In the present research, a high-throughput, high-sensitivity, and high-coverage UPLC-QTOF/MS method for comprehensive lipidomics profile analysis of rice was used. First, a comprehensive lipidomics study of the content and composition of rice was carried out by UPLC-QTOF/MS. Then, differential lipids were determined from three grades of indica rice. Finally, a novel lipid-based model was developed for predicting rice eating quality. This result provides details for which lipids are related to the eating quality of rice and serve as data for rice breeders and researchers to cultivate new rice varieties with improved eating quality.

2. Materials and Methods

2.1. Chemical and Reagents

Acetonitrile (ACN), isopropanol (IPA), methanol, and methyl tert-butyl ether were bought from Fisher (Chicago, IL, USA). Formic acid and ammonium acetate of LC-MS-grade were from CNW (CNW Technologies, Dusseldorf, Germany). Ultra-pure water was obtained from Milli-Q instrument (Milipore, Burlington, MA, USA).
The internal standards d7-monoglyceride (MG, 18:1), d7-diacylglycerol (DG, 15:0/18:1), d7-triacylglycerol (TG,15:0/18:1/15:0), d7-glycerophosphatidic acid (PA, 15:0/18:1), d7-glycerophosphatidylcholine (PC, 15:0/18:1), d7-glycerophosphatidylethanolamine (PE, 15:0/18:1), d7-glycerophosphatidylglycerol (PG, 15:0/18:1), d7-glycerophosphatidylinositol (PI, 15:0/18:1), d7-glycerophosphatidylserine (PS, 15:0/18:1), d7-ceramide (Cer, C15), and d9-sphingomyelin (SM, 18:1/18:1) were purchased from Avanti (Birmingham, AL, USA). Mixed reagents of all internal standards with final concentration of 100 μg/mL were prepared in methanol and preserved at −20°C in the freezer until analysis.

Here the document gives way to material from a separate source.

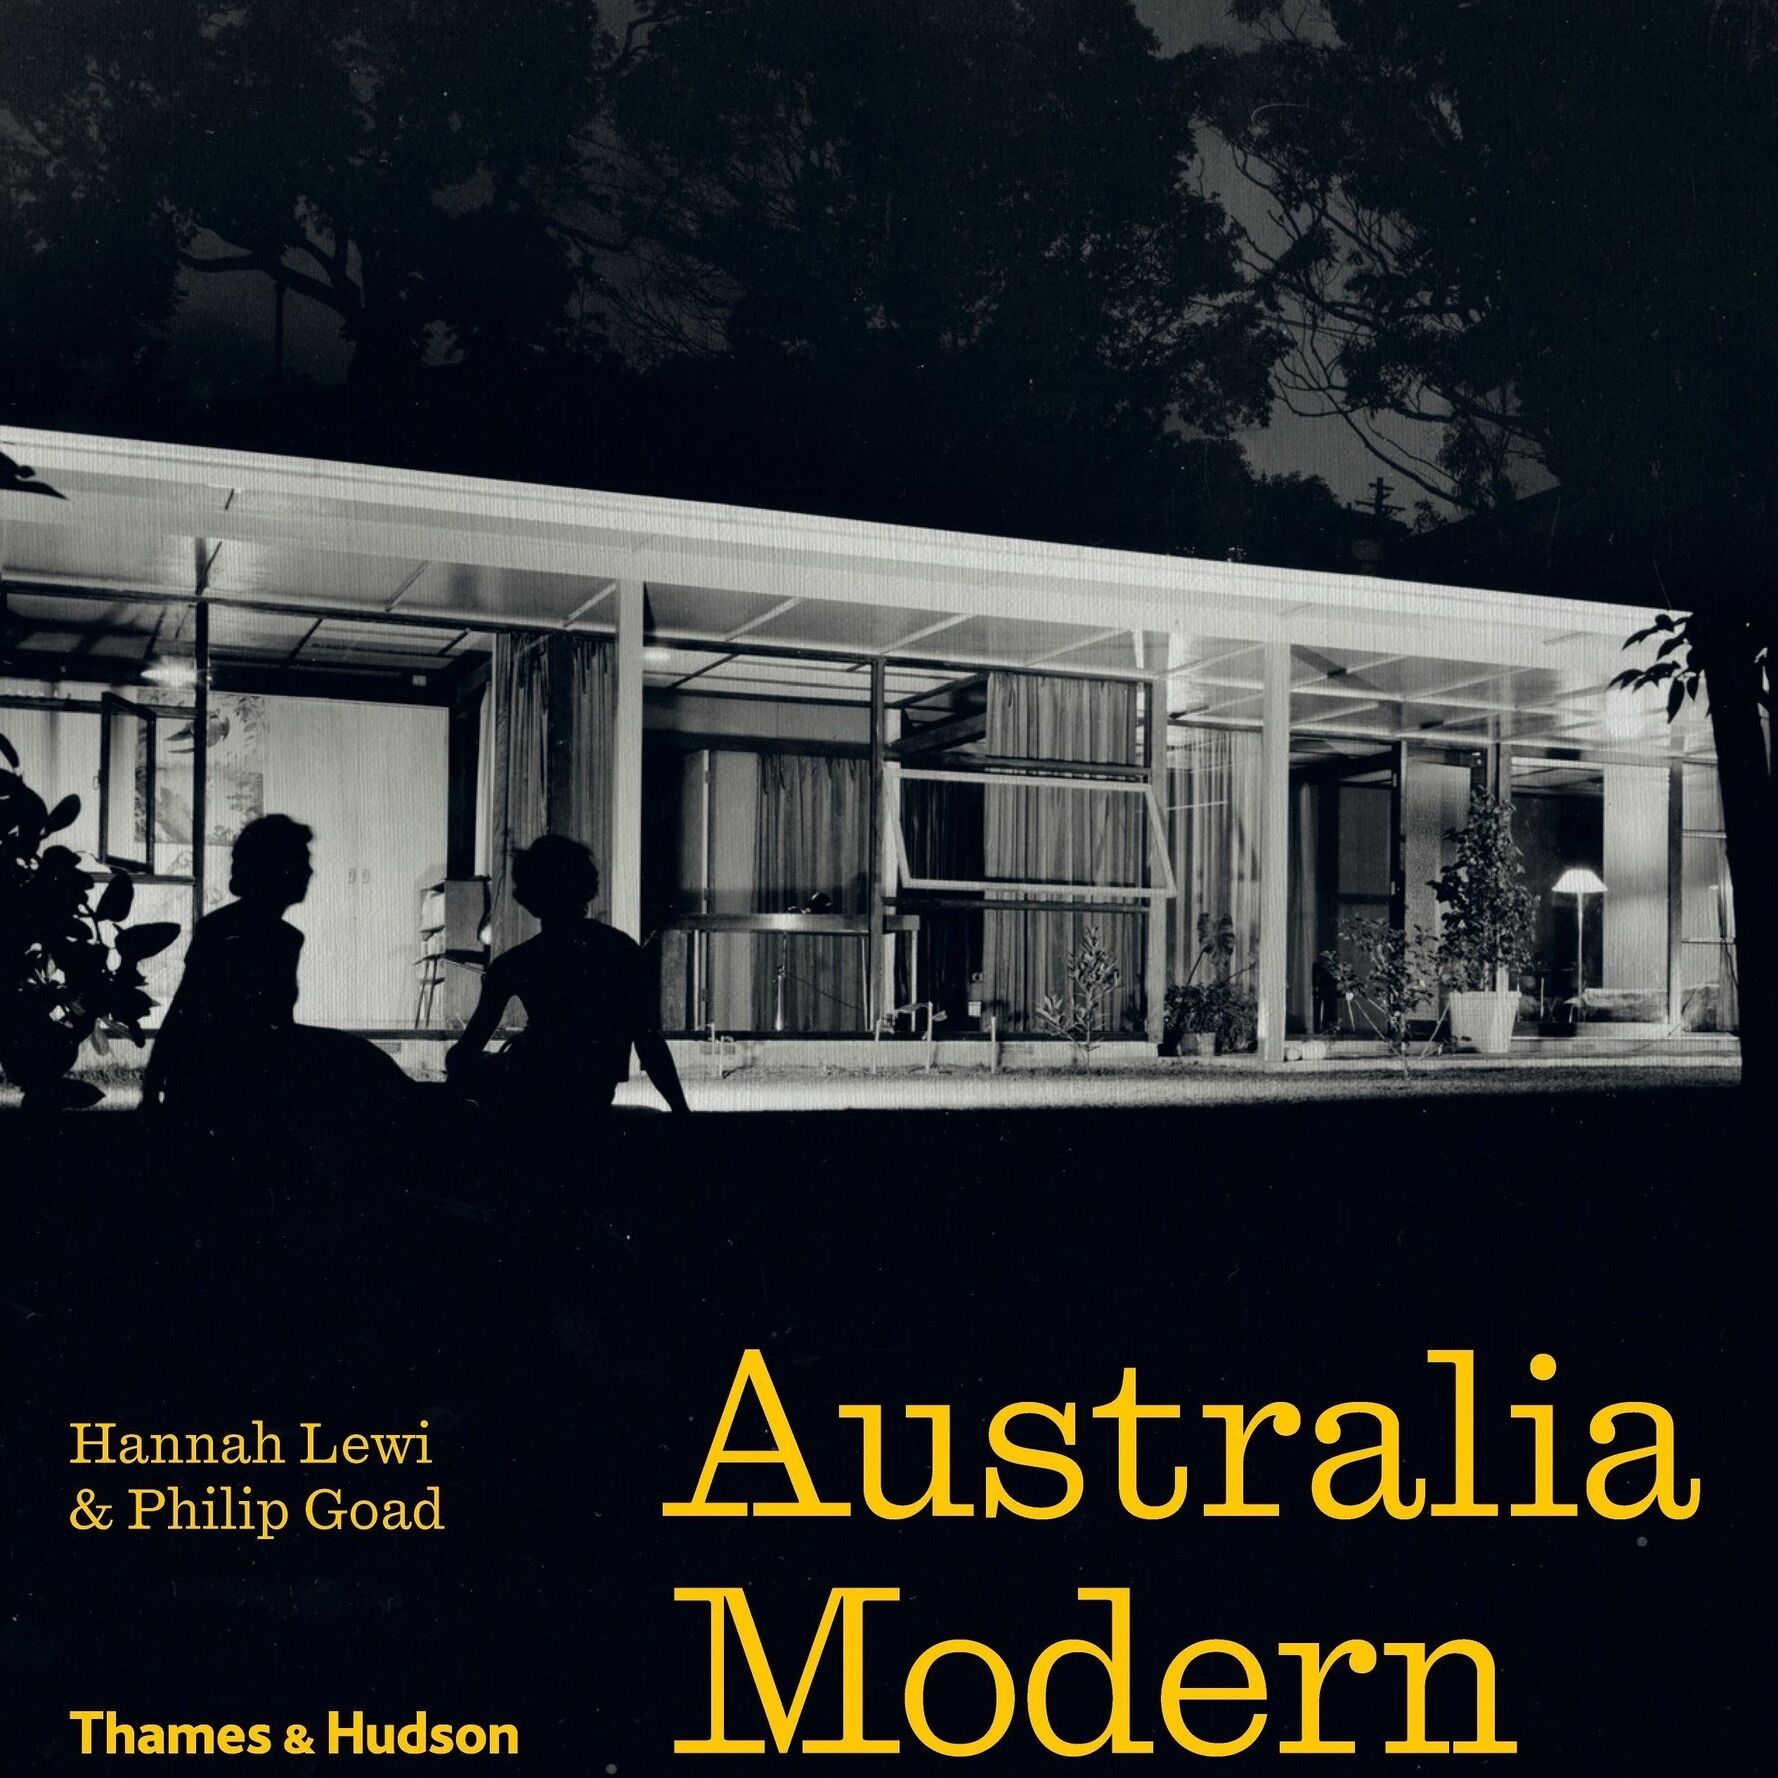 Book: Australian Modern - Architecture, Landscape & Design 1925-1975

2.2. Sample Preparation and Extraction Procedure

Based on the variety information issued by Ministry of Agriculture and Rural Affairs of China from 2019 to 2020, collected rice varieties by planting area account for more than 70% of the promotion area in 10 provinces. Indica paddy rice samples were collected during harvest season in 2020. Further details related to field trial characteristics such as variety and geographical location can be found in Table 1. Paddy rice samples were shelled by JDMZ-100 huller (DFJH, Beijing, China). After that, part of the rice was milled by CT-293-CyclotecTM mill (Foss, Suzhou, China). The milled rice and powder was kept at −80 °C until analysis.
The extraction procedure refers to that in a previous study [21] with minor modifications. In short, 20 ± 0.01 mg rice powder was mixed with 200 μL methanol already containing lipid internal standards. The solution was mixed before and after addition of 540 μL MTBE for 30 s. Then, 360 μL ultrapure water was added and mixed for 30 s. After that, the tube was put at 4 °C for 10 min equilibration, then centrifuged at 4 °C with 15,000 rpm for 10 min. Extraction in two phases was transferred to new tubes separately. After evaporation, residue in the upper phase was redissolved in 1 mL solution (ACN/IPA/H2O = 65:30:5, v/v/v) for lipidomics study.

2.3. Sensory Test

Sensory test was conducted in compliance with the Chinese National Standard “Method for Sensory Evaluation of Paddy or Rice Cooking and Eating Quality” (GB/T 15682-2008) and “Rice” (GB/T 1354-2009). In short, rice was cooked in cooker with a 1.3 (w/w, water/milled rice) ratio after soaking for 30 min in water. Then, cooked rice was tested and scored by 20 skilled and qualified panelists. All evaluations were conducted in separate partitions with cooked rice served in random order. After that, average eating score of each sample was calculated and analyzed by SPSS 19.0 (International Business Machines Corporation, New York, NY, USA, USA). According to GB/T 1354–2009, rice with high (score ≥ 90), medium (score ≥ 80), and low (score ≥ 70) eating quality was evaluated and rated as grade high, medium, and low, respectively.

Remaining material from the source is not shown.